Verdi a marqué l’histoire de l’opéra au XIXe siècle avec des drames comme La Traviata, Rigoletto, Le Trouvère ou encore Ottelo. C’est pourtant vers le genre de la comédie qu’il se tourne à la fin de sa vie pour explorer de nouveaux horizons musicaux. La place particulière qu’occupe Falstaff dans son œuvre a toujours fasciné  le metteur en scène Barrie Kosky : « Pour son dernier opéra, Verdi n’a pas seulement choisi un sujet très différent de ses œuvres précédentes, il a aussi développé un langage musical inédit. Malgré ses quatre-vingts ans, il a été influencé par les transformations des formes musicales et théâtrales en cours dans l’opéra italien. Falstaff fait partie de ces œuvres qui sont davantage tournées vers le XXe siècle que le XIXe. Comme des prophéties qui annoncent les changements artistiques en gestation. »

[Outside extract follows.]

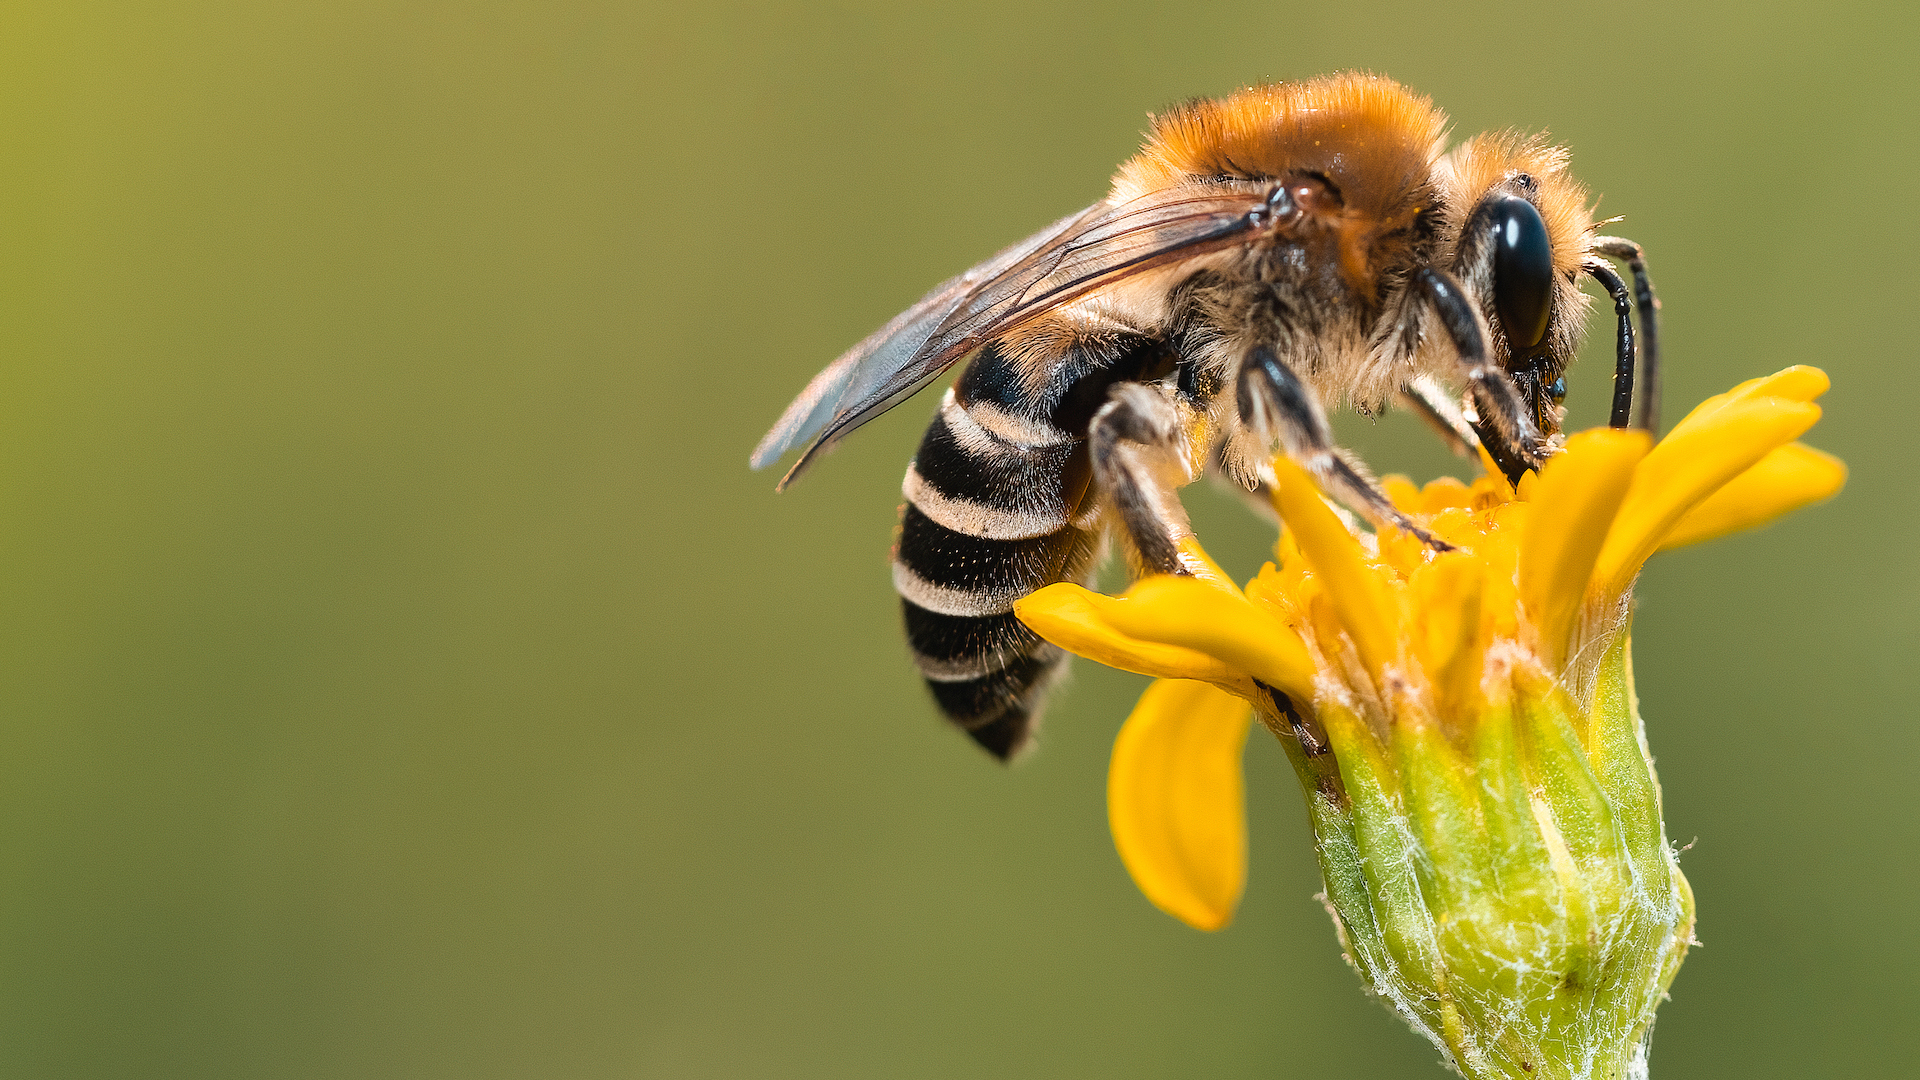 A close-up of a bee pollinating a yellow flower

À l’origine, Falstaff est un personnage créé par William Shakespeare qui apparaît dans les pièces Henry IV (1596-1598) et Les Joyeuses commères de Windsor (1602). S’il est l’une des plus grandes figures comiques de tous les temps, Barrie Kosky voit également en lui un être d’une grande profondeur qui, à la manière d’un Don Quichotte, ne cesse de nous interroger sur le sens de nos actions : « Il ne faut jamais oublier que toutes les grandes comédies de Shakespeare sont aussi de grandes tragédies. Il y a quelque chose de l’humanité blessée dans La Nuit des rois, Comme il vous plaira ou Le Songe d’une nuit d’été. Toutes ces pièces que l’on qualifie de « comédies » ou de « comédies pastorales » sont aussi profondes qu’Othello, Hamlet et Macbeth. Elles empruntent simplement d’autres chemins. Une idée reçue voudrait que la comédie ne soit qu’un pur divertissement. Or ce n’est pas le cas. Dans Falstaff, il y a du vaudeville et plein d’autres ressorts comiques qui existaient déjà dans le théâtre grec de l’Antiquité mais c’est aussi une œuvre sur des personnes à la recherche de l’amour. Le désir, la jalousie, la haine et la solitude sont les thèmes centraux de la plupart des grands chefs-d’œuvre. Ils se retrouvent également dans Falstaff. Il y a quatre éléments très importants dans cette pièce : la nourriture, la boisson, le sexe et la mort – les trois premiers servant à échapper au dernier. À la fin de l’opéra, Falstaff déclare qu’il faut s’amuser de tout. C’est un homme qui cherche, qui mange, qui boit et qui essaie de comprendre le monde qui l’entoure. D’une certaine manière, il est comme nous tous. »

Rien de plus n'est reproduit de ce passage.